Make sure you put a window with bars in the wall. Make it look like a jail cell. You could also make a faux background in the window. Maybe a scene of the harbor at night?


----------



## ELH Erin Loves Halloween (Feb 19, 2009)

I like picture 2 the best. If you want to add some of the coloring of pic 5 that would be great but the look and shape of pic 2 is my favorite!


----------



## fick209 (Aug 31, 2009)

Got my vote in!


----------



## IMU (Apr 8, 2009)

*Quick sketch*

This was what I was thinking about as far as the overall design:








The "plain" area is where the background stone choice is going to be carved.

There is going to be a window with bars. I'm thinking of adding my chained torso guy inside the window.








This guy spins around by his shackles.


----------



## Wyatt Furr (Jun 5, 2006)

Whatever you decide rock-wise this is going to be an amazing addition to your haunt.
Thank you for all the photos and updates.
I know it takes time away from your piratical duties to do this.


----------



## bobzilla (Nov 13, 2008)

4 for me


----------



## The Watcher (Sep 13, 2008)

I am a 3. But I had not seen the whole post. I was thinking a out side wall holding earth back, like you see in Robin Hood. If you are going for a dungeon are castle type of look.

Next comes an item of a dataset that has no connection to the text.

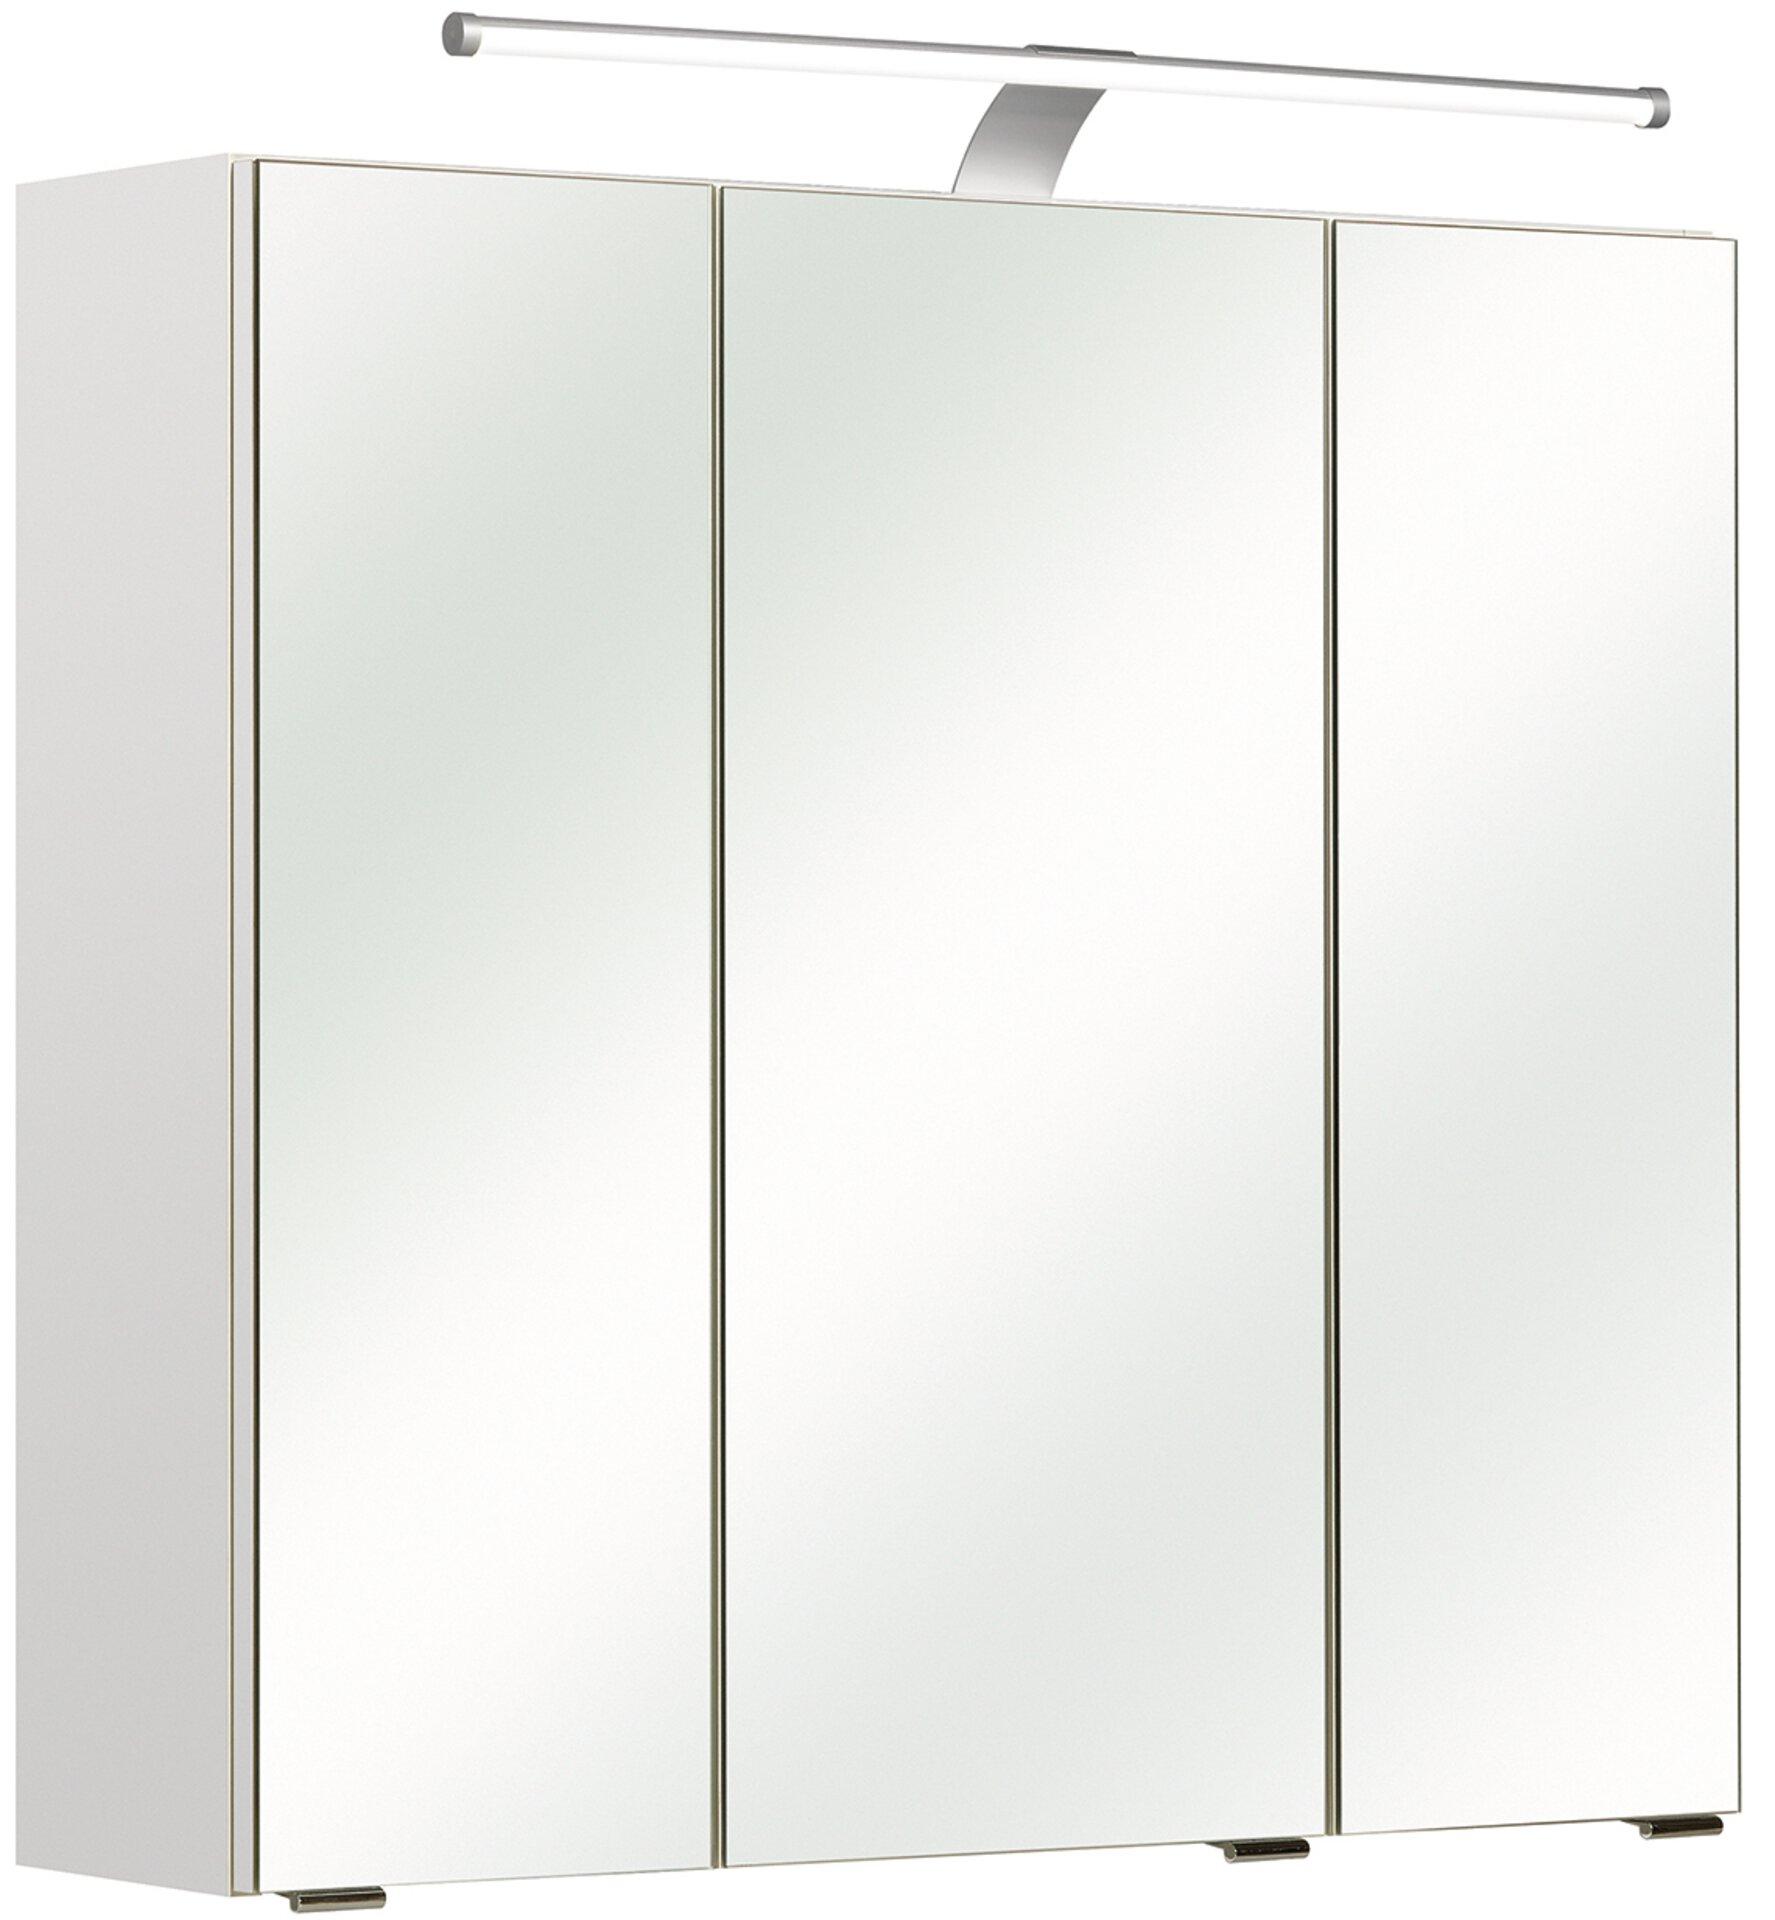 Spiegelschrank Ascoli I PELIPAL Holzwerkstoff weiß

I would think 4 might be closer.


----------



## My CReePY Garage (Jun 7, 2010)

I got my vote in.


----------



## Joiseygal (Sep 3, 2008)

I like 2, but 5 looks good also. This prop would look great in front of any back round including rainbows and fluffy clouds.


----------



## nixie (Sep 17, 2008)

I think 3, 4, and 5 have the most dungeon-ish look to them. I think I like 3 the best.


----------



## pagan (Sep 9, 2009)

5 all day! I look forward to seeing how you tackle the wall construction!


----------



## SuperCreep31 (Nov 22, 2009)

i like 5 just a little bit better than 3 because it's got the dungeon look! If you got the moss on there it would look great!


----------



## GhoulishGadgets (May 13, 2010)

I was going to say 2, until I saw the arched detail/shackle area etc - now I'd say 5

one of those bar-shaker props may be good, mostly give a great startle/scare factor.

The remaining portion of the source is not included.